Bien qu’on ne possède aucune indication précise sur la date de fondation des abbayes de Saint-Girons de Hagetmau et de Saint-Loubouer, leur existence attestée très tôt dans le xie siècle et les relations spirituelles et artistiques qu’elles ont entretenues avec Saint-Sever dès cette époque rendent assez plausible leur création par Guillaume Sanche ou un de ses fils.

En revanche, l’attribution également proposée de la fondation de Sainte-Quitterie du Mas d’Aire à Guillaume Sanche, a été rejetée par l’abbé Degert : selon lui, cette abbaye n’aurait été créée que sous Pierre II, évêque d’Aire de 1092 à 1099, peut-être par des religieux venus de l’abbaye de la Chaise-Dieu, au diocèse de Clermont. Il faut toutefois noter que le chevet de l’abbatiale conserve des éléments certainement antérieurs à cette période.

On doit peut-être situer vers la même date la fondation dans l’église d’Escalans, alors dans le diocèse d’Auch, d’un prieuré dépendant d’Eauze, et celle d’une communauté de chanoines à Pimbo, qui dépendait de Saint-Sernin de Toulouse. Un peu plus tard, l’abbaye de La Sauve-Majeure, dans le diocèse de Bordeaux, a créé les prieurés de Bougue et de Perquie, ainsi que celui de Gabarret, alors dans le diocèse d’Auch, tandis que des cisterciens s’installaient à Pontaut.

Reste enfin l’abbaye Saint-Jean de la Castelle, auprès de laquelle eut lieu en 1065 la bataille décisive pour le pouvoir sur la Gascogne. On ignore tout de son origine, mais on sait qu’elle fut plus tard soumise à la règle canoniale, et qu’elle fonda alors le prieuré de Lagrange.

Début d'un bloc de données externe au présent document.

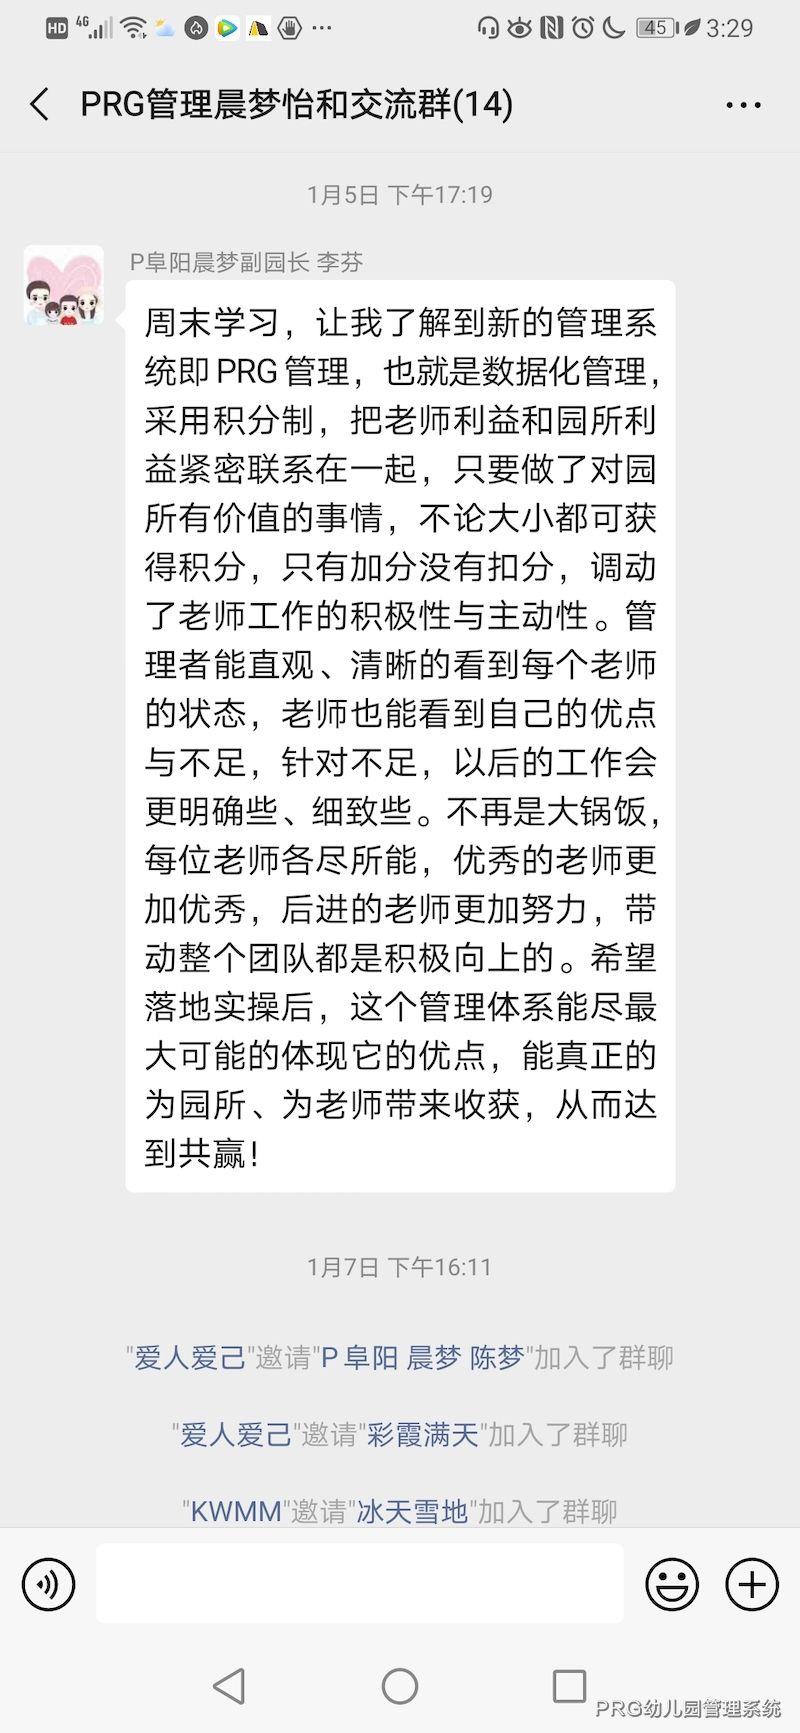 晨梦、怡和幼儿园PRG<a href=https://www.xiaoxianprg.com/ target=_blank class=infotextkey>幼儿园管理系统</a>学习感言分享1

Dans cette liste relativement importante de communautés régulières, deux absences assez remarquables méritent d’être soulignées : celle d’abbayes féminines, celle de monastères rattachés au grand ordre ailleurs prépondérant de Cluny. Cette double absence est d’autant plus remarquable qu’elle tranche avec la situation dans les diocèses voisins - ceux d’Agen, d’Auch et même de Lescar où l’ordre de Cluny est présent, ceux d’Agen et d’Auch où ont été fondées des monastères féminins de l’ordre de Fontevrault. Elle atteste du pouvoir de résistance de quelques grandes abbayes qui sont parvenues à garder toute leur indépendance ou leur influence dans cette partie de la Gascogne.